Bookmakers are revelling in a notable upswing in bets placed on the Women’s World Cup, signalling a significant shift in the betting landscape.

While the volume of bets for this year’s global women’s sports spectacle has surged, a nuanced interplay of factors, including match timings, has led to a dip in betting volumes compared to the preceding European Championship, according to reporting by Reuters.

Prominent betting entity William Hill, now under the aegis of bookmaker 888 (888.L), has reported an impressive 900,000 wagers on the Women’s World Cup, a major international sporting event being jointly hosted by Australia and New Zealand.

William Hill’s spokesperson, Lee Phelps, affirmed that despite the relative decrease in bets compared to the European Championship – possibly due to morning kick-off times – the figures still notably outstrip those from previous editions of the tournament.

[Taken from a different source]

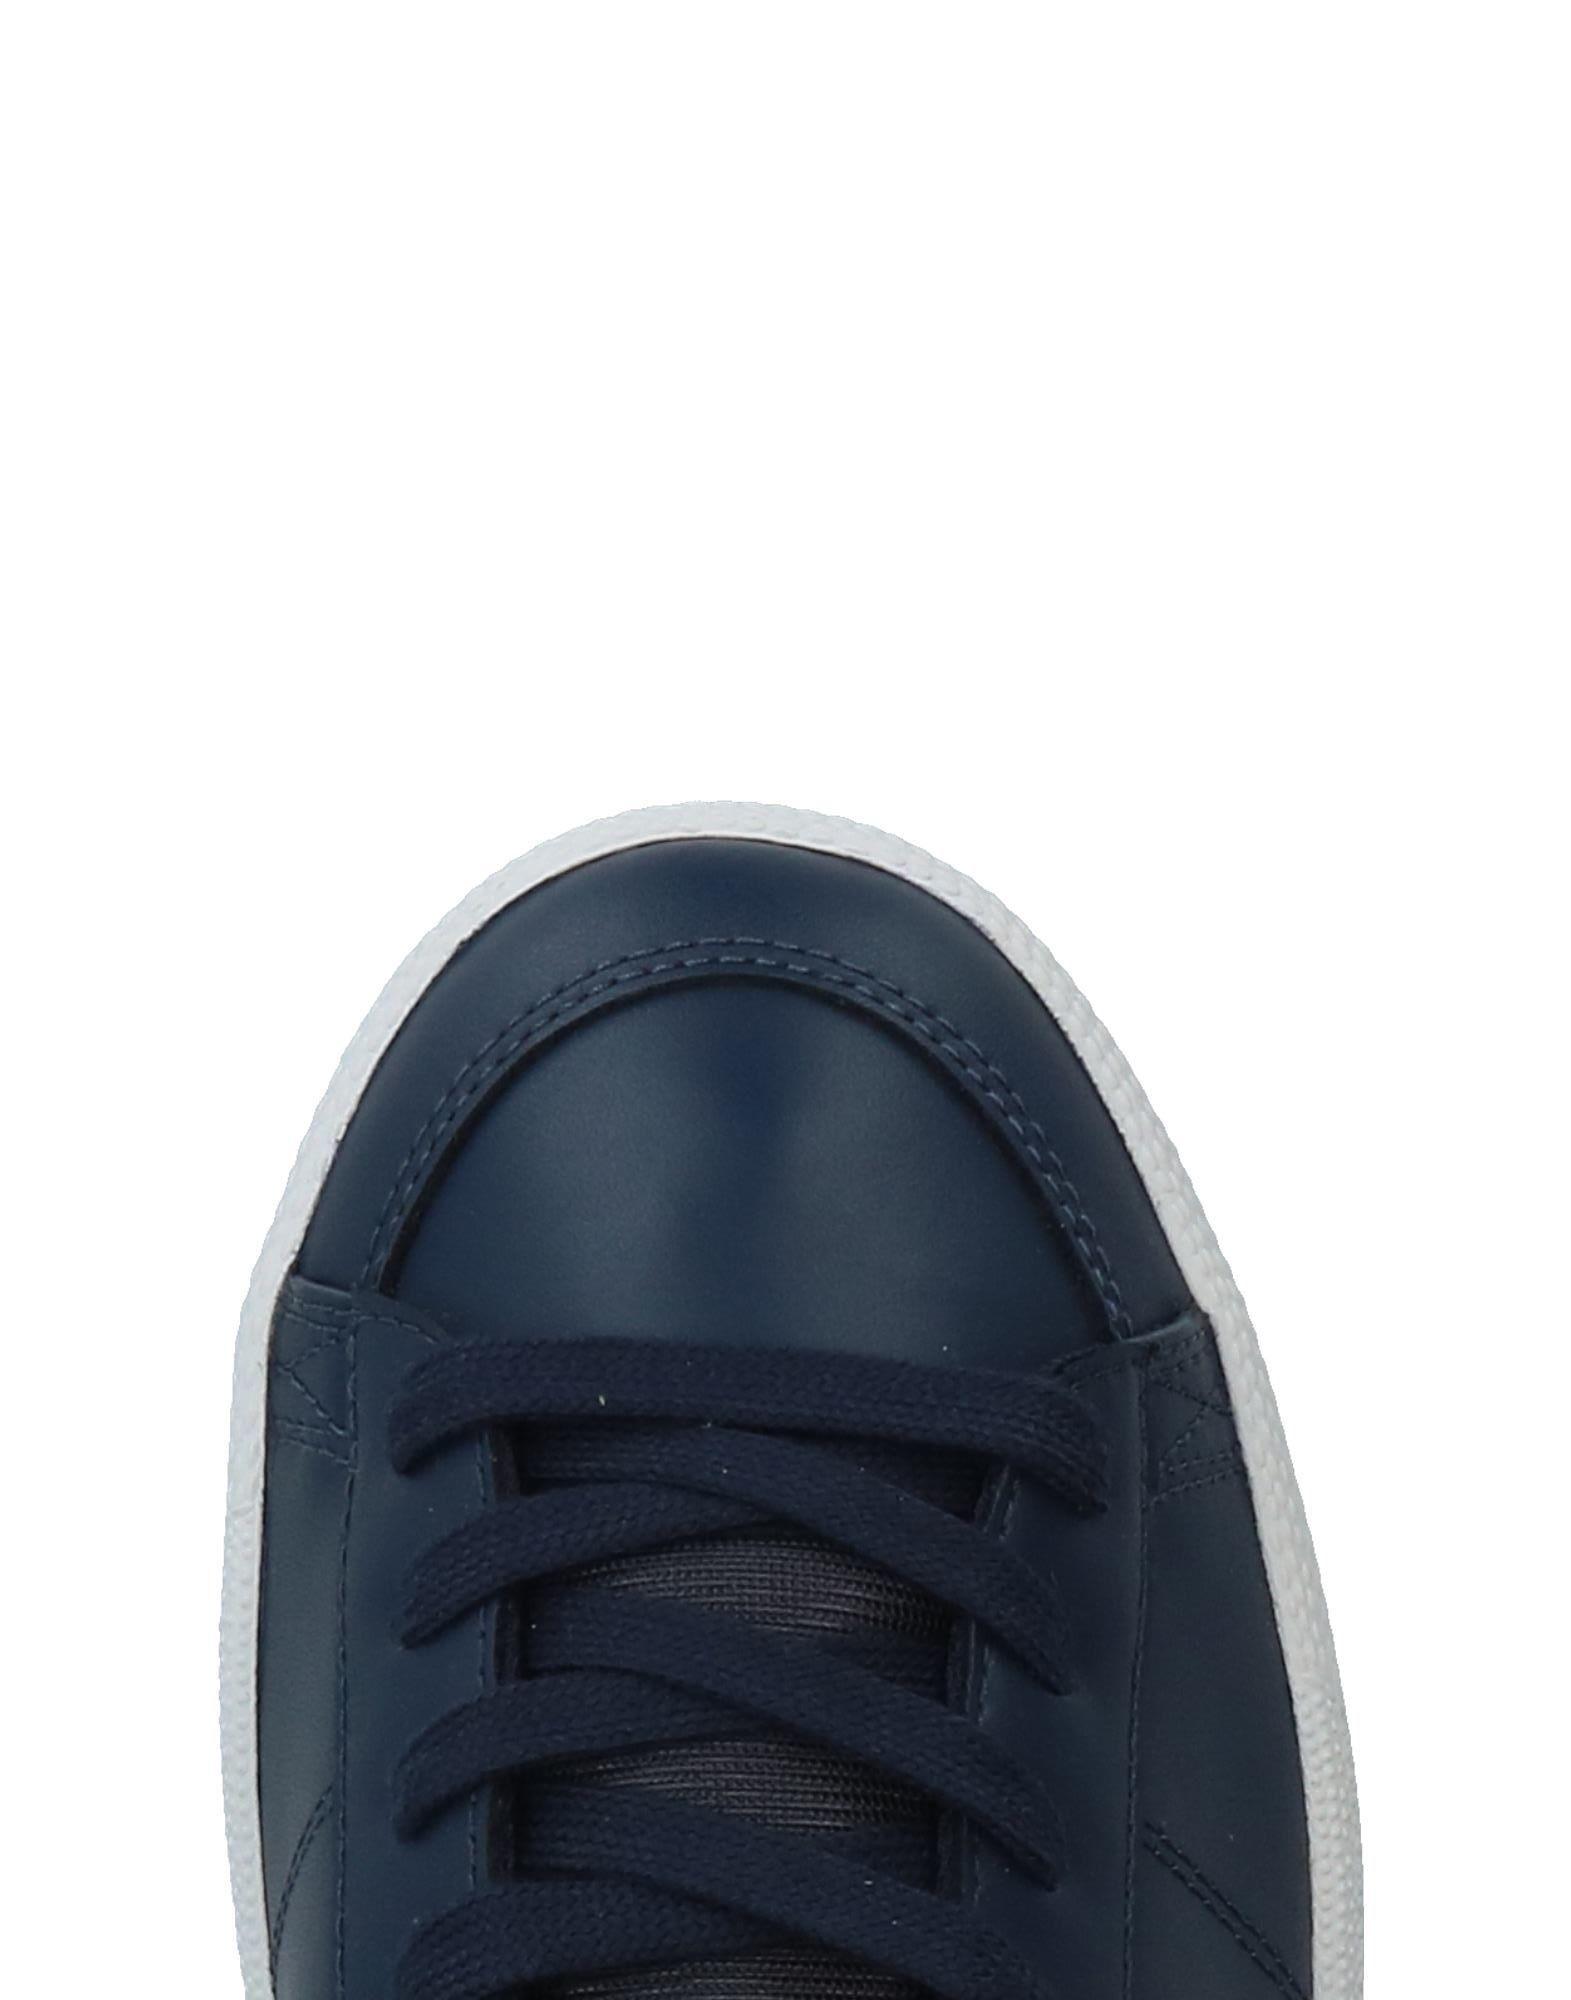 Pony Sneakers Sneakers Pony Herren  11342594VC Heiße Schuhe 0a05bb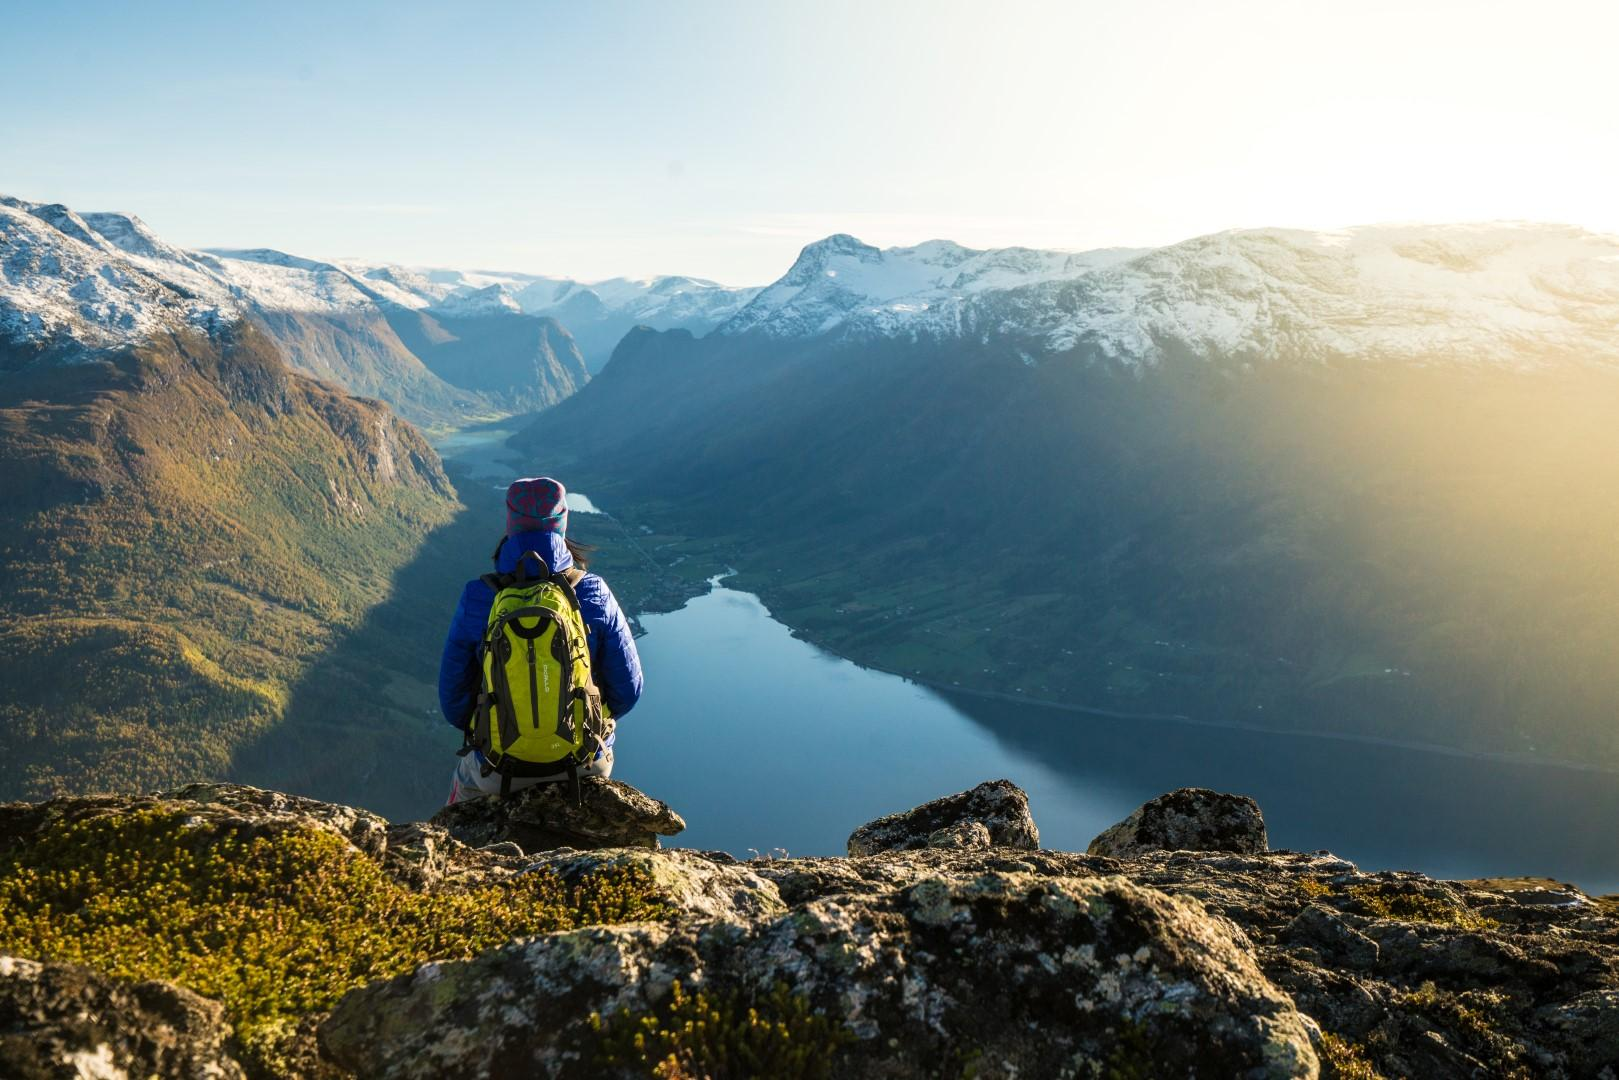 La vertiginosa funivia del Nordfjord in Norvegia

Entain (ENT.L), the parent company of esteemed brands like Ladbrokes and Coral, echoed this enthusiasm.

The company stated that it had witnessed “exponential growth” in bets pertaining to women’s sports, accompanied by a historic surge in the number of women globally engaging in betting activities.

Notably, one-fifth of wagers for the initial three England matches were placed by female bettors, underlining the burgeoning participation of women in this realm.

Dominic Grounsell, Chief Commercial Officer of Entain, underscored the evolving trend, noting that more customers were embracing novel methods of supporting their favourite teams – and in this case, that meant placing bets.

The World Cup saw a remarkable 200% spike in bets for co-host and semi-finalist Australia, buoyed by the impressive performance of the Matildas.

The women’s sports betting market has displayed remarkable dynamism, with soccer at its forefront.

According to a study by the German Sport University Cologne released in July, soccer has been registering a commendable annual market growth rate of around 20% since 2020.

The study further emphasised that not only has soccer commanded significant betting interest, but the number of female bettors investing in women’s soccer has been doubling year-on-year.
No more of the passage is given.